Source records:
────────────────────────────────────────

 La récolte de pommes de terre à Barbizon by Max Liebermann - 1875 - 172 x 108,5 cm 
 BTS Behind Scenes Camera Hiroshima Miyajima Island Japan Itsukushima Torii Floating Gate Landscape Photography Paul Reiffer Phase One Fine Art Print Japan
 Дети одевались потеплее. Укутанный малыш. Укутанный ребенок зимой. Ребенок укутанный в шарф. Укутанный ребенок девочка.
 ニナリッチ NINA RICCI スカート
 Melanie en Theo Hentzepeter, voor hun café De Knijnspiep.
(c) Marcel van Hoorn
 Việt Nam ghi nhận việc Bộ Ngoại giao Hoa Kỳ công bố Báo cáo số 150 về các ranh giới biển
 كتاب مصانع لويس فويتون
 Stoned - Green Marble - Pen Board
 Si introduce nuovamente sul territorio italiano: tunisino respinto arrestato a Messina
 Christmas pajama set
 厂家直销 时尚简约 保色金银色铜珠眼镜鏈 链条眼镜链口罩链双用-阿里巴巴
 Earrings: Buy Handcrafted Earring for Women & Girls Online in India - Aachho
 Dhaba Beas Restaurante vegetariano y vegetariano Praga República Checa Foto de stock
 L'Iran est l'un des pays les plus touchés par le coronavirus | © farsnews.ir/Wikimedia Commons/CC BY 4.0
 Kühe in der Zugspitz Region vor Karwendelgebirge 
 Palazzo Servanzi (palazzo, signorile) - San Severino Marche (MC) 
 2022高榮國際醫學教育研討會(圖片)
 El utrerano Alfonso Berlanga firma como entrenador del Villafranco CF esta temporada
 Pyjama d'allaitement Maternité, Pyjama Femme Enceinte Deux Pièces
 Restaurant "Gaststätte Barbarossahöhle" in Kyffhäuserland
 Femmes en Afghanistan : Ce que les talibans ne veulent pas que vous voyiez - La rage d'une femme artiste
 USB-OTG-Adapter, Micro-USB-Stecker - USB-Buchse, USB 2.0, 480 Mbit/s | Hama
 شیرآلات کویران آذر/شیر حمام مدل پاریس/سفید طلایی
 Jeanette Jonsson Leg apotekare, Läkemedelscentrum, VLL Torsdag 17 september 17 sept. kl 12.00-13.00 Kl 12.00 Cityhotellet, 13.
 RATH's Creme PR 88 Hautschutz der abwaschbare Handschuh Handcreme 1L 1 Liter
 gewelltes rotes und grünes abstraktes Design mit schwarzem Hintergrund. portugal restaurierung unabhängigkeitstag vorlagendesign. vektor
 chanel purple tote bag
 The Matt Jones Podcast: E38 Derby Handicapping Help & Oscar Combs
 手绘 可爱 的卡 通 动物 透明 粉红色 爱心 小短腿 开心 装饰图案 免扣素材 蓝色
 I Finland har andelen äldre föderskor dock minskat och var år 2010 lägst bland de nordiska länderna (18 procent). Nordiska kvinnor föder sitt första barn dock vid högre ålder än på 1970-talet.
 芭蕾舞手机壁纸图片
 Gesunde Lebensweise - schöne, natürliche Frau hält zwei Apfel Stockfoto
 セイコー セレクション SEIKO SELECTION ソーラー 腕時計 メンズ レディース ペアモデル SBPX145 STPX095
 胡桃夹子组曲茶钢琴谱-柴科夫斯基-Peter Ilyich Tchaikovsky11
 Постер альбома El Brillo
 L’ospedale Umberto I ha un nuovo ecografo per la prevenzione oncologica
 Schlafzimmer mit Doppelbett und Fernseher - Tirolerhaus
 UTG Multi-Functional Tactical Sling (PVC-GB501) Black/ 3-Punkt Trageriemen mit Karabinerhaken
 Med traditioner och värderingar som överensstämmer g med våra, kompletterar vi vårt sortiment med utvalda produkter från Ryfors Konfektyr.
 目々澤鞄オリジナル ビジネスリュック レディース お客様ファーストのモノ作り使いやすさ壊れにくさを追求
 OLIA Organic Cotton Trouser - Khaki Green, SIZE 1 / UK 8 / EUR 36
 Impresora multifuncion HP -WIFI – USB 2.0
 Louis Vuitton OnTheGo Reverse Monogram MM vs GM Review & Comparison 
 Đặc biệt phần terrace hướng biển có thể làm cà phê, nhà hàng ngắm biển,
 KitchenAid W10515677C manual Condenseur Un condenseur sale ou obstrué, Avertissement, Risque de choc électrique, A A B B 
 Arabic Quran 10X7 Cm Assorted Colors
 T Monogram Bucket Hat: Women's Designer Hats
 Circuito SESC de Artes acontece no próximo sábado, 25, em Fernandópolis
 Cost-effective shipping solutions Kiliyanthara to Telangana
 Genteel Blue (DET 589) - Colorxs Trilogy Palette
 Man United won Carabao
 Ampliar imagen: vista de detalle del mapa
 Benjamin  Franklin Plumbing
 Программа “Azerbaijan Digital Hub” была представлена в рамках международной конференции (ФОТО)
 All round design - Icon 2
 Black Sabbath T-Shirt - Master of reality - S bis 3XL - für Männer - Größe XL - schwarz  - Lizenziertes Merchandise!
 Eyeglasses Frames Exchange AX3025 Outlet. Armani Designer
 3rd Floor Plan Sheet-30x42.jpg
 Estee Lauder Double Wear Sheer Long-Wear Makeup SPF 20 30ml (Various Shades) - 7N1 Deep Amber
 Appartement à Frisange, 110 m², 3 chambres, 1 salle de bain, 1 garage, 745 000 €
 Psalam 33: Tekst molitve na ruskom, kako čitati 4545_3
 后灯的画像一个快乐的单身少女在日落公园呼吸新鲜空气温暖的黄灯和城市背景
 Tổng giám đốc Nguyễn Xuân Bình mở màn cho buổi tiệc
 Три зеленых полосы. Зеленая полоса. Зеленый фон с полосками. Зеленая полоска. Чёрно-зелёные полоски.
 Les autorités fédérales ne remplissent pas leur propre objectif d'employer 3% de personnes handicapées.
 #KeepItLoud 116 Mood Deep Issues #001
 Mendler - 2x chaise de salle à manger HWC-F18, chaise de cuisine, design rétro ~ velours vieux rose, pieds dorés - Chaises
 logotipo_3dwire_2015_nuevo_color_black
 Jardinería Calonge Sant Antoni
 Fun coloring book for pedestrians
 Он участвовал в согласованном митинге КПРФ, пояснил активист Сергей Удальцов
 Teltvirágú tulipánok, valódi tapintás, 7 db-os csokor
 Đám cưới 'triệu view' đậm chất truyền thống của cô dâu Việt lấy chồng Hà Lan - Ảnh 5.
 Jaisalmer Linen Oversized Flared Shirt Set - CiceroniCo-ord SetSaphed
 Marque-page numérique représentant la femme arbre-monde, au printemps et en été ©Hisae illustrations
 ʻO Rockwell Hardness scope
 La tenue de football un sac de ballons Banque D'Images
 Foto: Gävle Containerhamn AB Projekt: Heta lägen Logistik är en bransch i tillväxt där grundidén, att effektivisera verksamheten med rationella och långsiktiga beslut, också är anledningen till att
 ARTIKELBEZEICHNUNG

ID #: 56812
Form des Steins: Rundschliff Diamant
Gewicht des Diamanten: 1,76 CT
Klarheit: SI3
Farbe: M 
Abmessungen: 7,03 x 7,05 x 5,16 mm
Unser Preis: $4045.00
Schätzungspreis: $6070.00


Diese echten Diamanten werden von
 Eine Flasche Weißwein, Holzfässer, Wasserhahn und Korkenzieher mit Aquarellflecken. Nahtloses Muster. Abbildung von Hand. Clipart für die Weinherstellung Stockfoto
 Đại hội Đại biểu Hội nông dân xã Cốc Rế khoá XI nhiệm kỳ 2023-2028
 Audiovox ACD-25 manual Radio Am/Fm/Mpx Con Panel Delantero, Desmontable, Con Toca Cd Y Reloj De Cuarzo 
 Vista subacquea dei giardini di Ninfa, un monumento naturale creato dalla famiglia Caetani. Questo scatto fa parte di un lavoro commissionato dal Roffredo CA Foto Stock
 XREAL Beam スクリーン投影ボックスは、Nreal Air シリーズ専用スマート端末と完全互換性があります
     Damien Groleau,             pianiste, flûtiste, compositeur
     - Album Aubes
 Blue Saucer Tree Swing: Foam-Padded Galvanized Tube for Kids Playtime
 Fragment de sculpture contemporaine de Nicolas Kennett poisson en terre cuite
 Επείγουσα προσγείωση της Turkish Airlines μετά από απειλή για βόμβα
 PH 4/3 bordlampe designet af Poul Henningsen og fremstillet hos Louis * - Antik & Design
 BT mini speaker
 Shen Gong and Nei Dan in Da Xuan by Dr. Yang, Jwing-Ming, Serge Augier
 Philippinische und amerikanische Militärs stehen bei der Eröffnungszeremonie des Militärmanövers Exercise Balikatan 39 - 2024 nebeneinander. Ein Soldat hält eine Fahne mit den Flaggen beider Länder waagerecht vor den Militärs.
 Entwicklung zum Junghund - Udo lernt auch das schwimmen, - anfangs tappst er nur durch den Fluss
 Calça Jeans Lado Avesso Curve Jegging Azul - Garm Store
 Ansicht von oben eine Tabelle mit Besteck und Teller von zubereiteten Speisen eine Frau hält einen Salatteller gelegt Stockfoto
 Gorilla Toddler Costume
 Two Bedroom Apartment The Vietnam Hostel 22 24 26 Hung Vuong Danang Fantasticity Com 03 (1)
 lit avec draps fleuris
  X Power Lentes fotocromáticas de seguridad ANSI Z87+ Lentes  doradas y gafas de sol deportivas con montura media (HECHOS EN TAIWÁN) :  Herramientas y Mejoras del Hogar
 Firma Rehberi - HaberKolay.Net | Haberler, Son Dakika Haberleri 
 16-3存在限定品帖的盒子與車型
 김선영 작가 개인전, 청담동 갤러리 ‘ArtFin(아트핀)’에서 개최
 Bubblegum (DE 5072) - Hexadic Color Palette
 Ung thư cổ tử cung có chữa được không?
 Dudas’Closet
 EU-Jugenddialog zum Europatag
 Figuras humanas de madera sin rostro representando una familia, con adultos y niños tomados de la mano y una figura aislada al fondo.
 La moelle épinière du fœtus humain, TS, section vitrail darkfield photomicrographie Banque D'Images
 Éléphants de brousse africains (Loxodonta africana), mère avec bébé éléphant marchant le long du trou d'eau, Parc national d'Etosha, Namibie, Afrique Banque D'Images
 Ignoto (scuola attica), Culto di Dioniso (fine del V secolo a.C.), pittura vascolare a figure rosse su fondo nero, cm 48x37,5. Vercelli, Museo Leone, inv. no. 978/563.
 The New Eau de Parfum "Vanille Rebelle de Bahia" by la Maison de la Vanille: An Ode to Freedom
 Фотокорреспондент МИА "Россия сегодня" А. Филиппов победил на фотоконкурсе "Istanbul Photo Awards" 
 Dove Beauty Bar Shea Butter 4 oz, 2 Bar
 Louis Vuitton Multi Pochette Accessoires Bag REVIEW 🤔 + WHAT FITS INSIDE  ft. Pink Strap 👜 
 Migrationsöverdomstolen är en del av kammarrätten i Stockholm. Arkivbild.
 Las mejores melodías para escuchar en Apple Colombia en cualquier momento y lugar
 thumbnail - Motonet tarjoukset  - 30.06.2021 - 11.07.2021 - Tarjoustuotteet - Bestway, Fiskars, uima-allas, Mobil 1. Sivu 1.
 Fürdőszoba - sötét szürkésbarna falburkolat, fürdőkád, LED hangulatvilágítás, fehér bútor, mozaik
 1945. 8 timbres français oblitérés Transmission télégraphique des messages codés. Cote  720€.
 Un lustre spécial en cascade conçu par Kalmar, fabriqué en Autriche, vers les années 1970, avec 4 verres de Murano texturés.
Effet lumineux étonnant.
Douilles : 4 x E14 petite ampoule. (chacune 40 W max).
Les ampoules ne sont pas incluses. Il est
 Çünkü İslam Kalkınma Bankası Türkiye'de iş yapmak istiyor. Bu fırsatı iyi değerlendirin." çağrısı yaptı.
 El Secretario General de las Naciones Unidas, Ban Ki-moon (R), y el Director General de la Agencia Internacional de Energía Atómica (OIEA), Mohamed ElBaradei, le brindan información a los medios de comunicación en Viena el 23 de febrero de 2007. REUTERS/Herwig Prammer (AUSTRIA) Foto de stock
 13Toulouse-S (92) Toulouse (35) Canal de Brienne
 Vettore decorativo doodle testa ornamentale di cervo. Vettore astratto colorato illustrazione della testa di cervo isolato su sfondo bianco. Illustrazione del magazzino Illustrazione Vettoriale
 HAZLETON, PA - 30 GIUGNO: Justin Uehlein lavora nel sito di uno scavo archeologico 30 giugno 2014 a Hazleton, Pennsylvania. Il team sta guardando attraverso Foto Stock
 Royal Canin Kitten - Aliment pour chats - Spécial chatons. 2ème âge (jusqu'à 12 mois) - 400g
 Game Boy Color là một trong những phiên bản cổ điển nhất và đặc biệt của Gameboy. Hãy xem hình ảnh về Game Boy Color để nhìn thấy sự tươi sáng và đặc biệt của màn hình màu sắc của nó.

────────────────────────────────────────

Exercise objective
Starting at the line above that holds "Estee Lauder Double" and ending at the line that holds "Foto: Gävle Containerhamn", transcribe each line exactly and include no other lines.

Reply
 Estee Lauder Double Wear Sheer Long-Wear Makeup SPF 20 30ml (Various Shades) - 7N1 Deep Amber
 Appartement à Frisange, 110 m², 3 chambres, 1 salle de bain, 1 garage, 745 000 €
 Psalam 33: Tekst molitve na ruskom, kako čitati 4545_3
 后灯的画像一个快乐的单身少女在日落公园呼吸新鲜空气温暖的黄灯和城市背景
 Tổng giám đốc Nguyễn Xuân Bình mở màn cho buổi tiệc
 Три зеленых полосы. Зеленая полоса. Зеленый фон с полосками. Зеленая полоска. Чёрно-зелёные полоски.
 Les autorités fédérales ne remplissent pas leur propre objectif d'employer 3% de personnes handicapées.
 #KeepItLoud 116 Mood Deep Issues #001
 Mendler - 2x chaise de salle à manger HWC-F18, chaise de cuisine, design rétro ~ velours vieux rose, pieds dorés - Chaises
 logotipo_3dwire_2015_nuevo_color_black
 Jardinería Calonge Sant Antoni
 Fun coloring book for pedestrians
 Он участвовал в согласованном митинге КПРФ, пояснил активист Сергей Удальцов
 Teltvirágú tulipánok, valódi tapintás, 7 db-os csokor
 Đám cưới 'triệu view' đậm chất truyền thống của cô dâu Việt lấy chồng Hà Lan - Ảnh 5.
 Jaisalmer Linen Oversized Flared Shirt Set - CiceroniCo-ord SetSaphed
 Marque-page numérique représentant la femme arbre-monde, au printemps et en été ©Hisae illustrations
 ʻO Rockwell Hardness scope
 La tenue de football un sac de ballons Banque D'Images
 Foto: Gävle Containerhamn AB Projekt: Heta lägen Logistik är en bransch i tillväxt där grundidén, att effektivisera verksamheten med rationella och långsiktiga beslut, också är anledningen till att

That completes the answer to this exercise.